• **The problem**
Reproduce every line of the material below exactly. No pictures belong in the copy.

• **Data extract**
============================================================

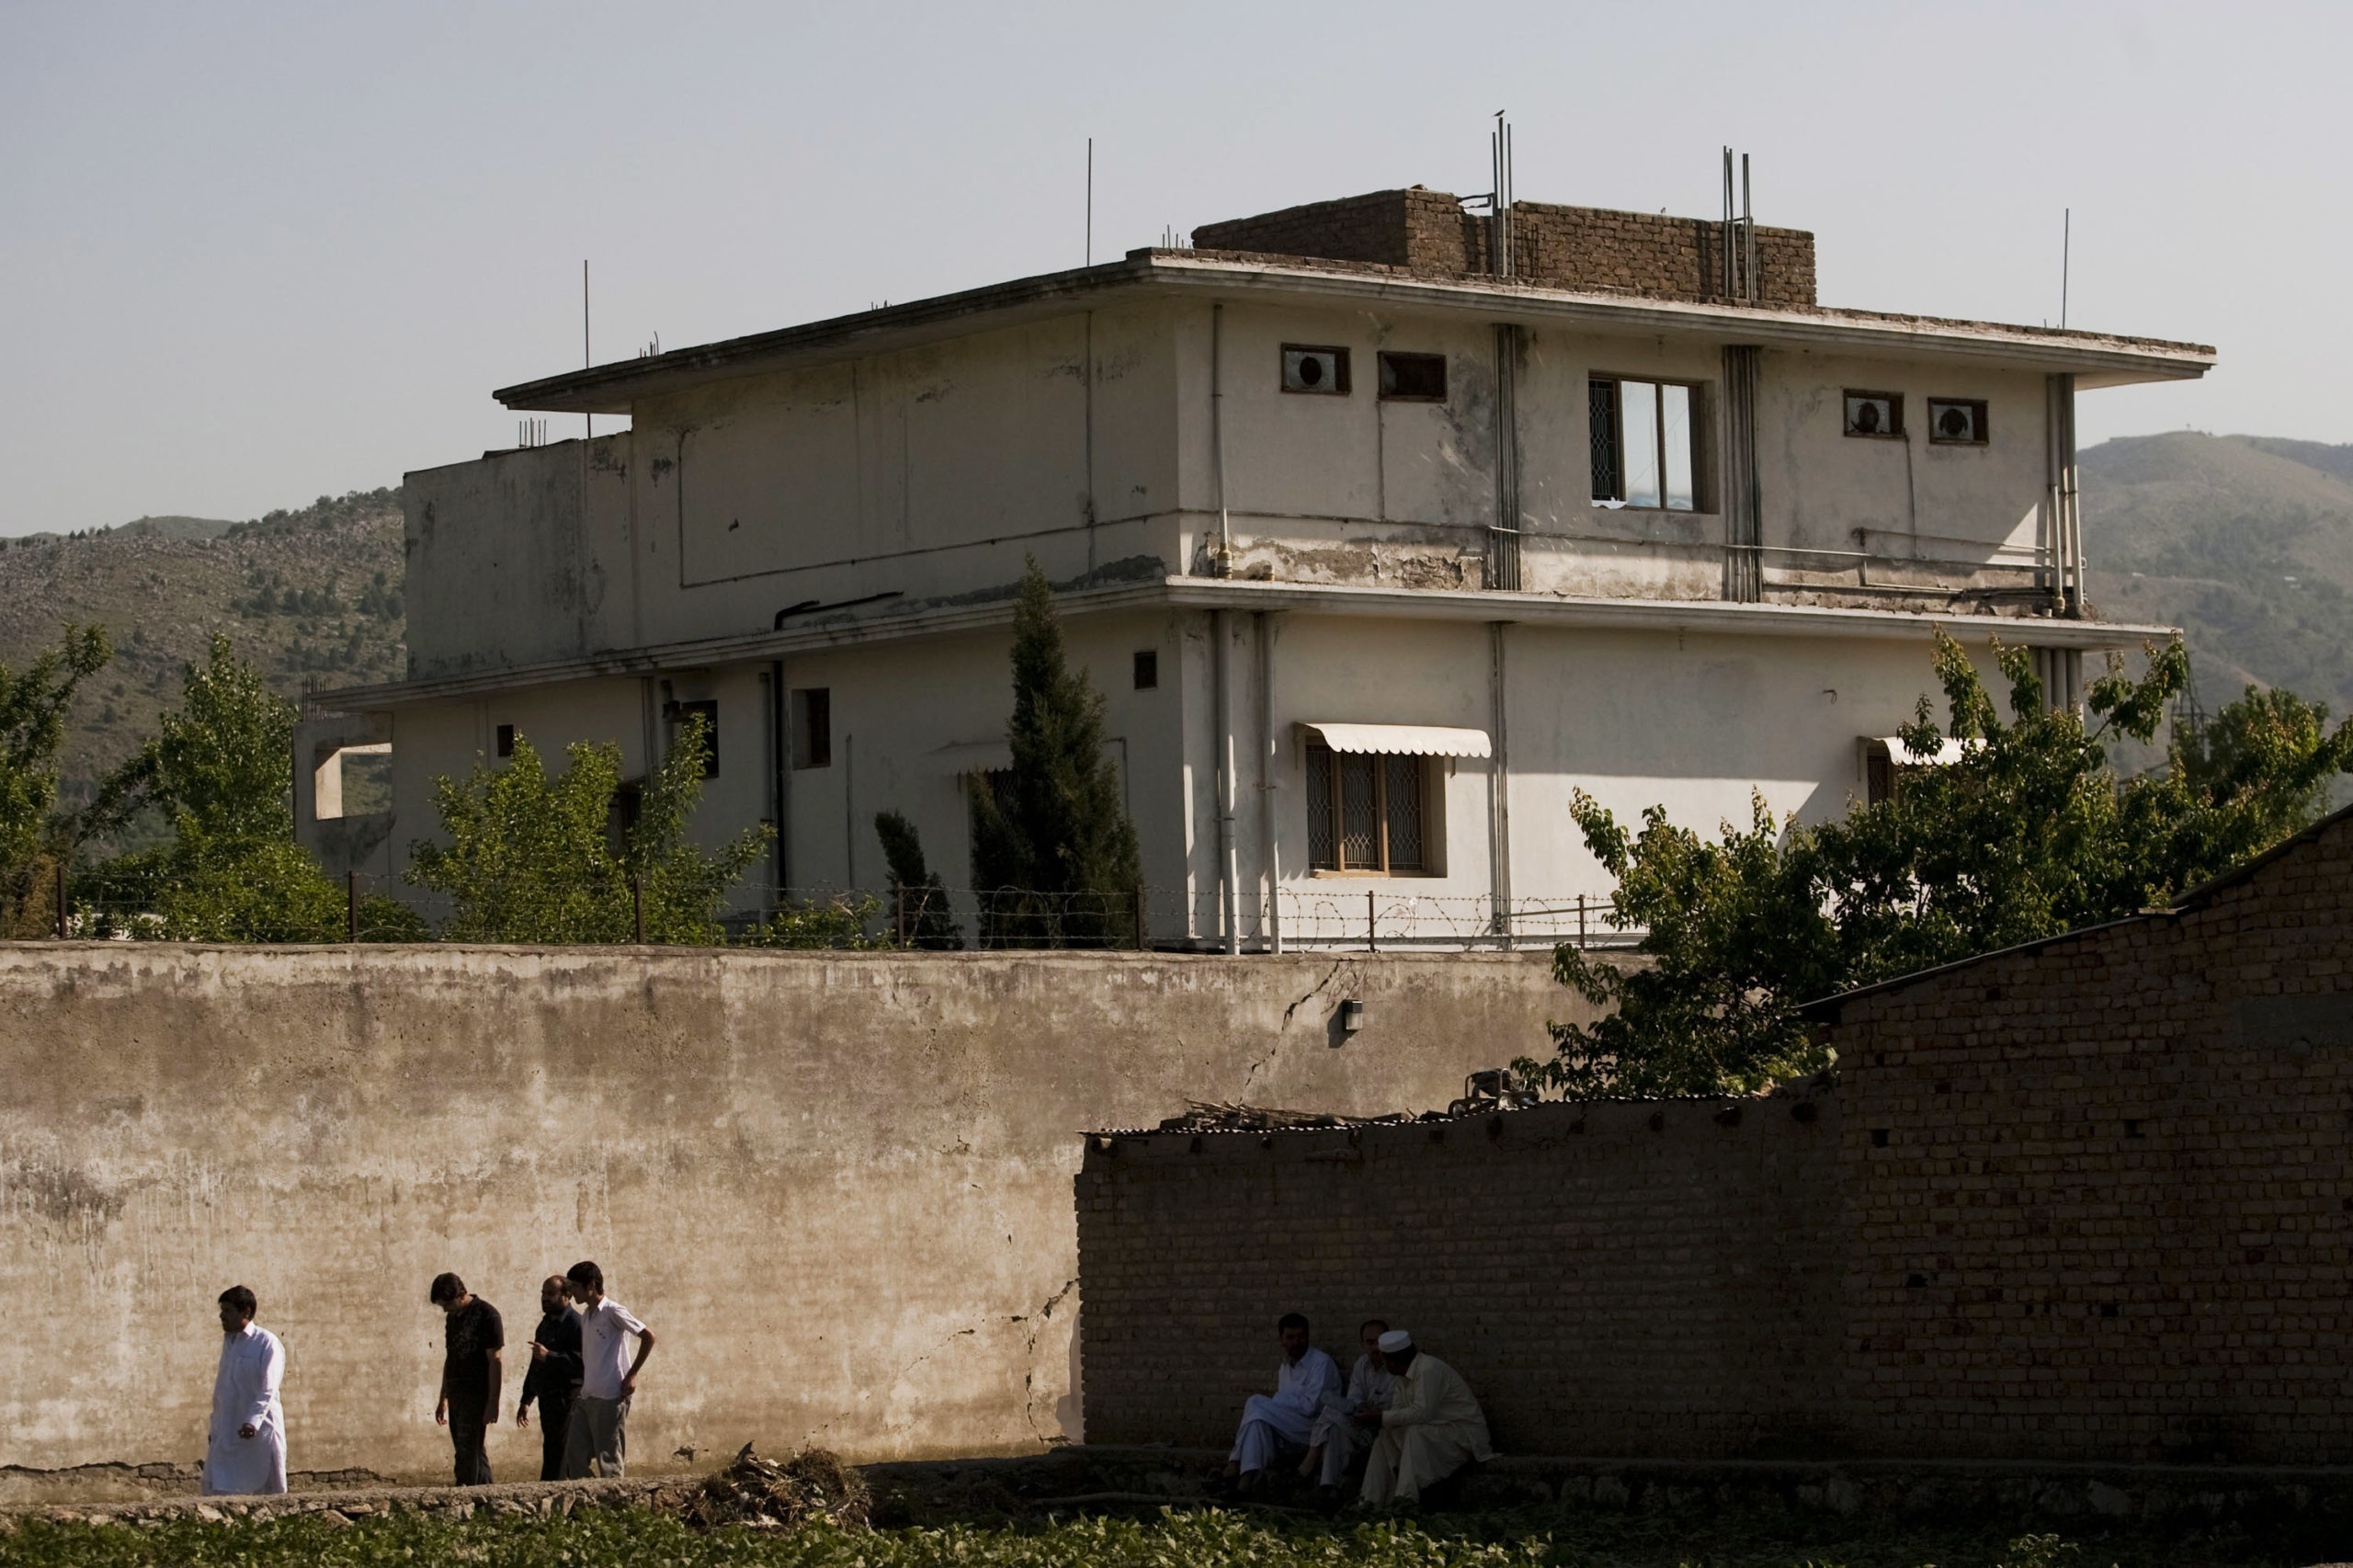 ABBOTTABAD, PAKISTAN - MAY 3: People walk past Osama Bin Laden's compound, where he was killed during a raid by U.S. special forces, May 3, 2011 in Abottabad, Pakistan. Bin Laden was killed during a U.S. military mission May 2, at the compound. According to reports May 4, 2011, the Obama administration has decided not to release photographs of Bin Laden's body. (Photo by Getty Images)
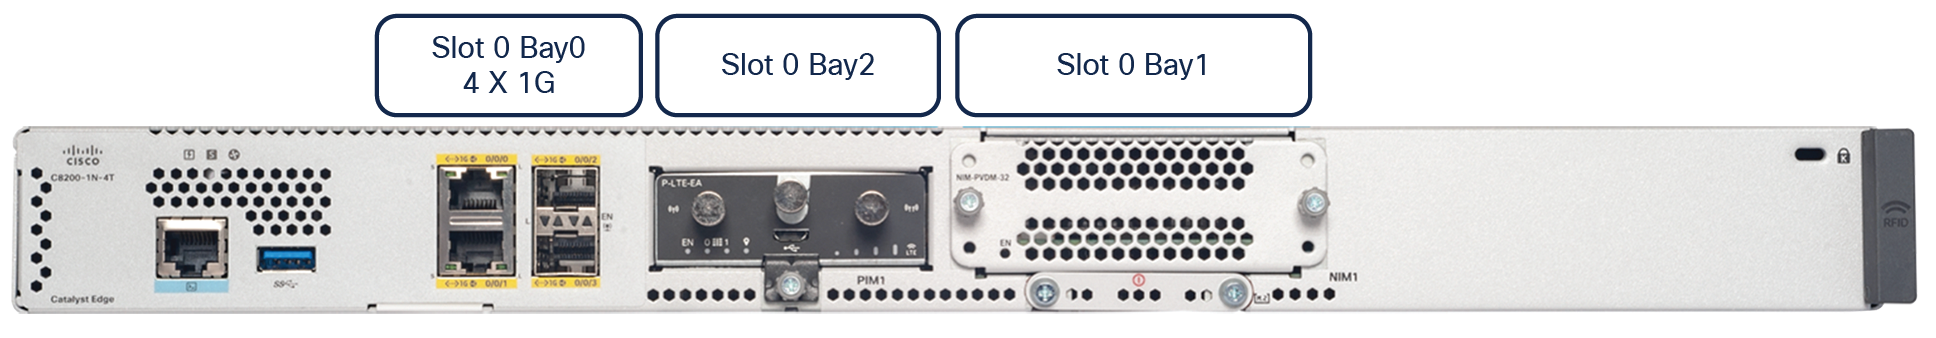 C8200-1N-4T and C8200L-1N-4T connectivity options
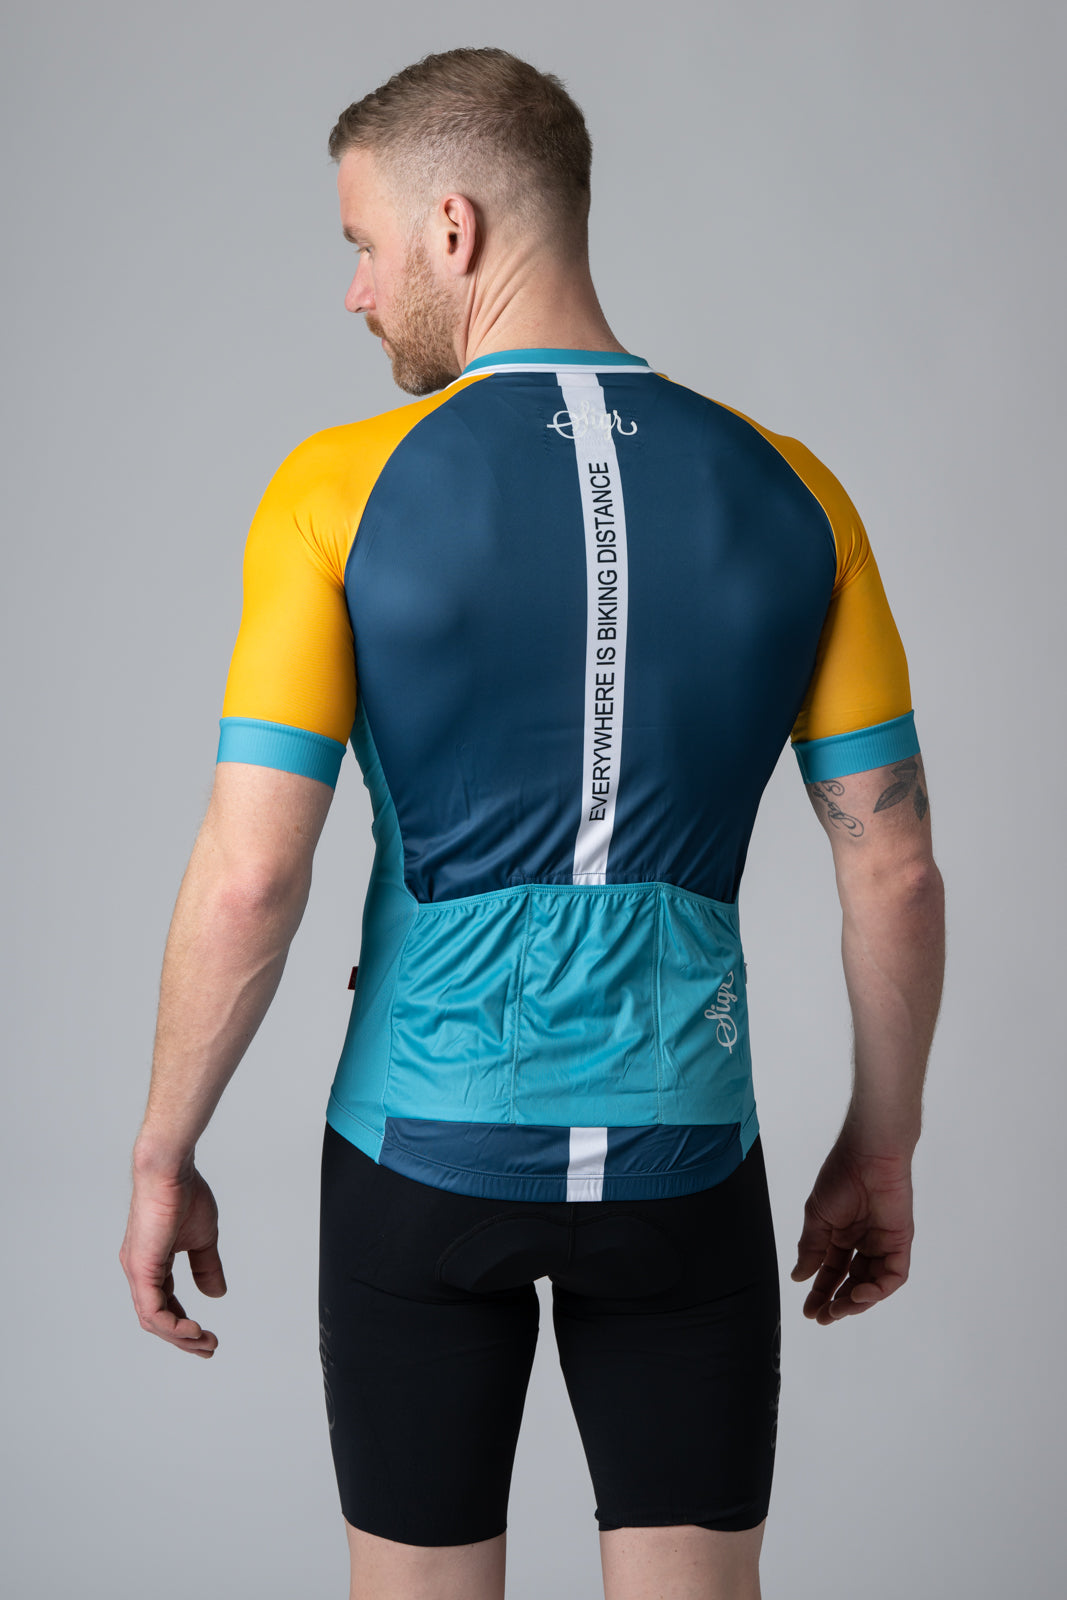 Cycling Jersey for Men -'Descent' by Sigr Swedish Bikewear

============================================================

• **Answer**
 ABBOTTABAD, PAKISTAN - MAY 3: People walk past Osama Bin Laden's compound, where he was killed during a raid by U.S. special forces, May 3, 2011 in Abottabad, Pakistan. Bin Laden was killed during a U.S. military mission May 2, at the compound. According to reports May 4, 2011, the Obama administration has decided not to release photographs of Bin Laden's body. (Photo by Getty Images)
 C8200-1N-4T and C8200L-1N-4T connectivity options
 Cycling Jersey for Men -'Descent' by Sigr Swedish Bikewear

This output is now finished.